● **SUPPLIED DATA**:
┌──

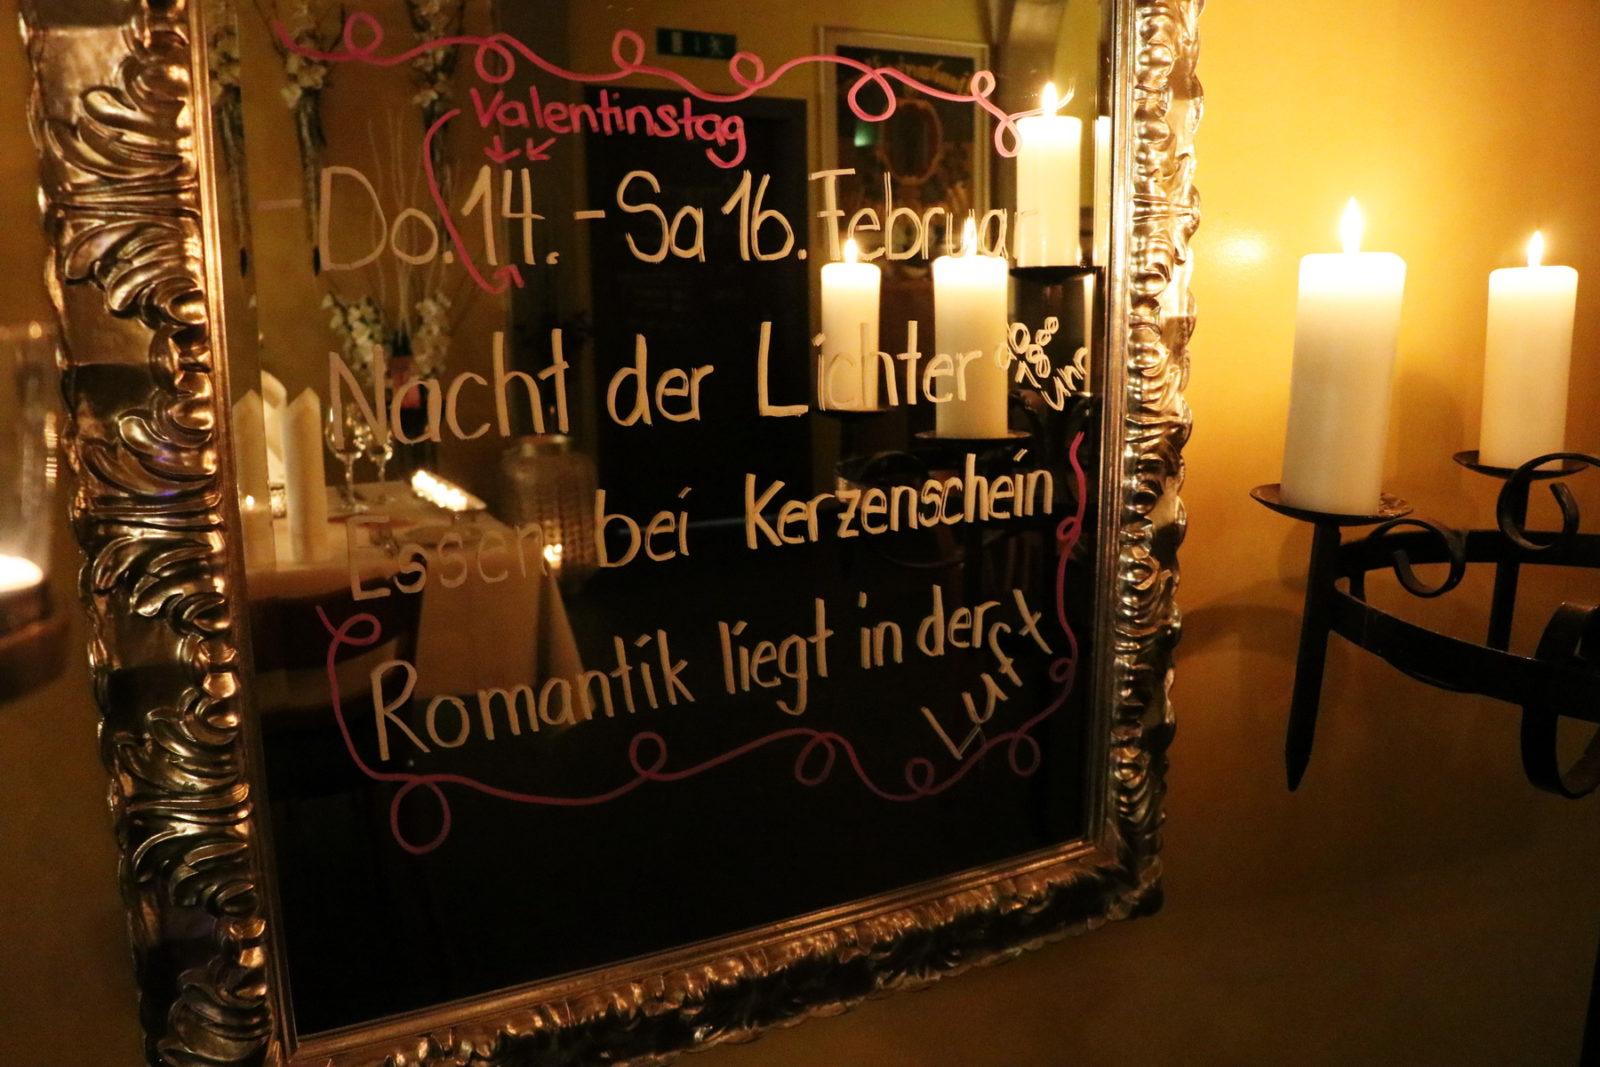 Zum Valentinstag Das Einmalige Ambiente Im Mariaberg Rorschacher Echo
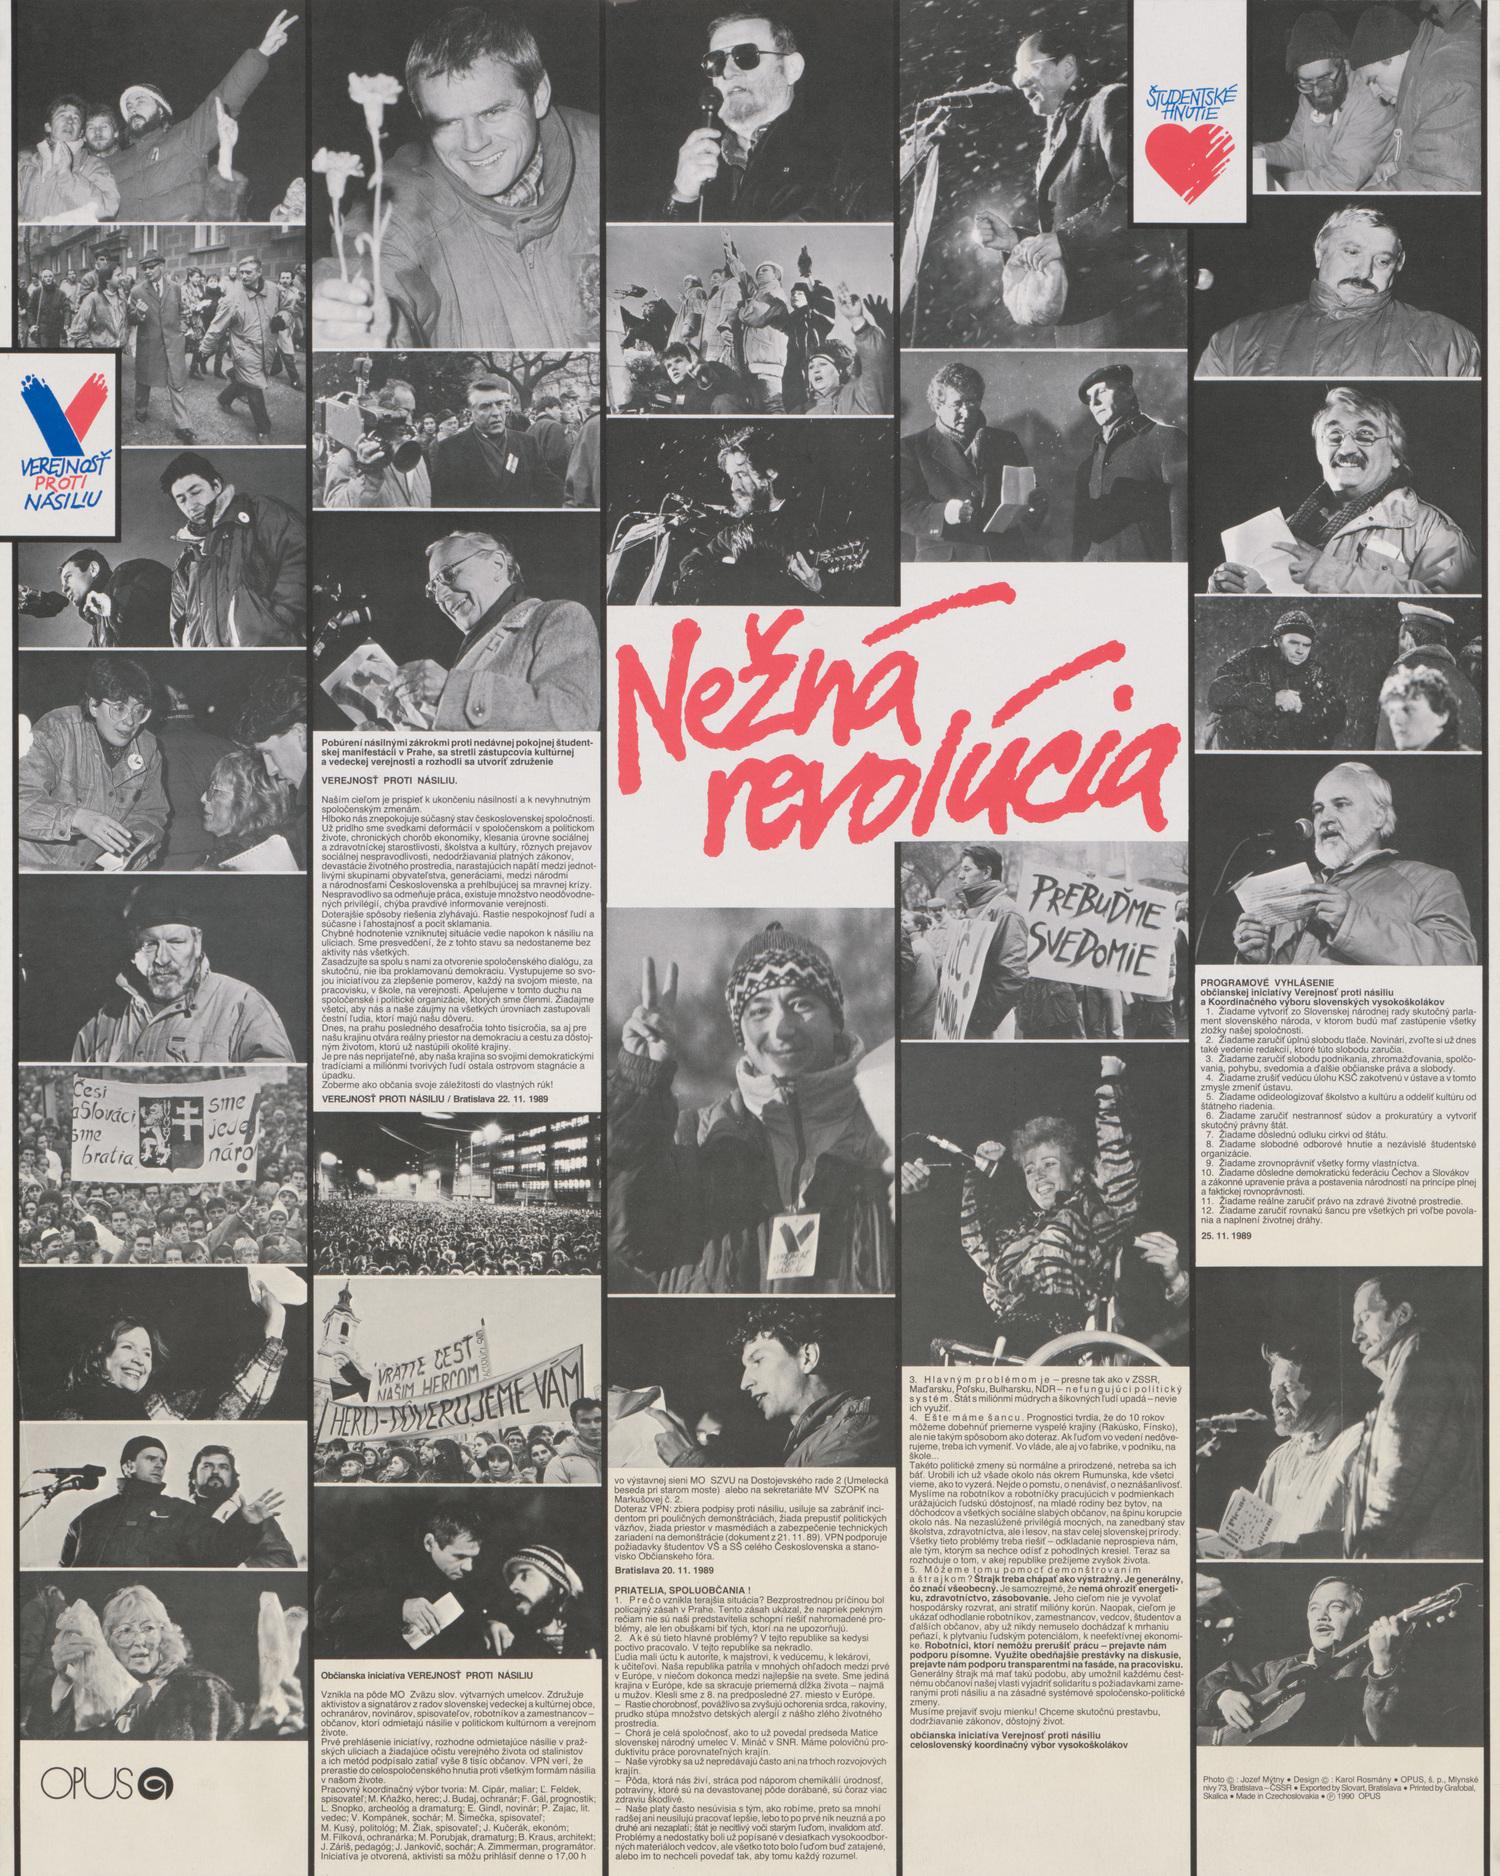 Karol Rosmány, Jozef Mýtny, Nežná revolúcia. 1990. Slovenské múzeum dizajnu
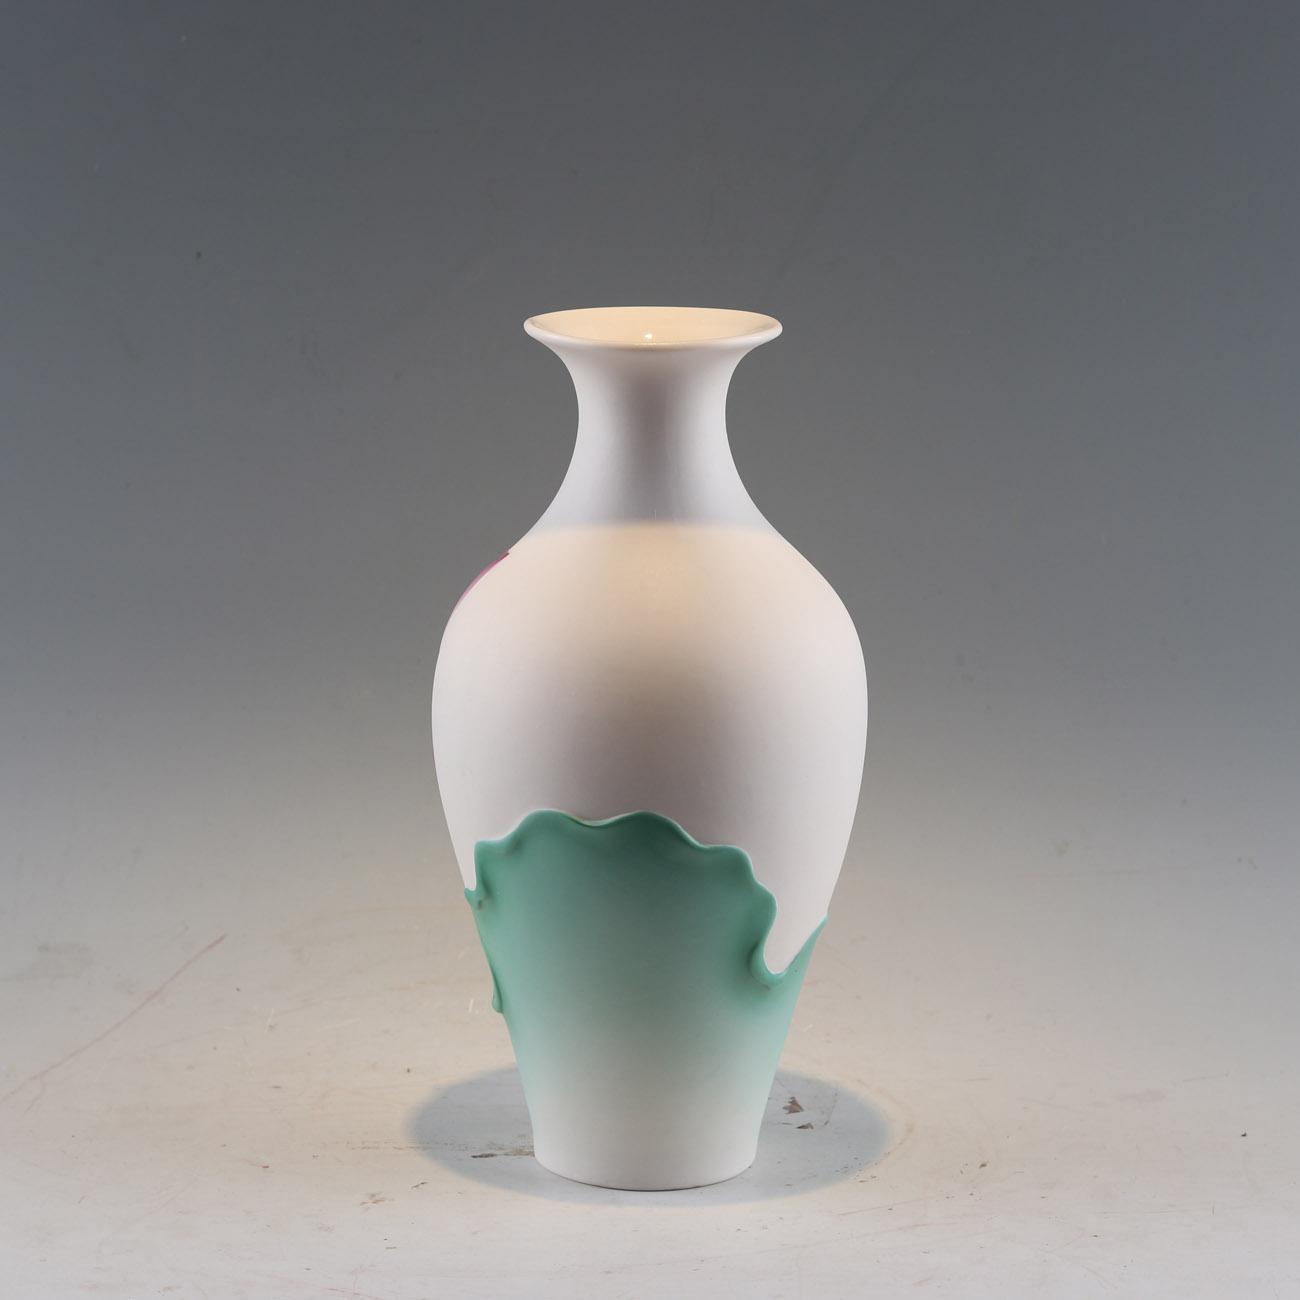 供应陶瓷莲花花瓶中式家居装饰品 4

└──

● **AIM OF THE EXERCISE**: All that is needed here is the run of lines from the one containing "Karol Rosmány, Jozef" through the end of the material above, reproduced exactly and without pictures.

● **SOLUTION TO THIS TASK**:
 Karol Rosmány, Jozef Mýtny, Nežná revolúcia. 1990. Slovenské múzeum dizajnu
 供应陶瓷莲花花瓶中式家居装饰品 4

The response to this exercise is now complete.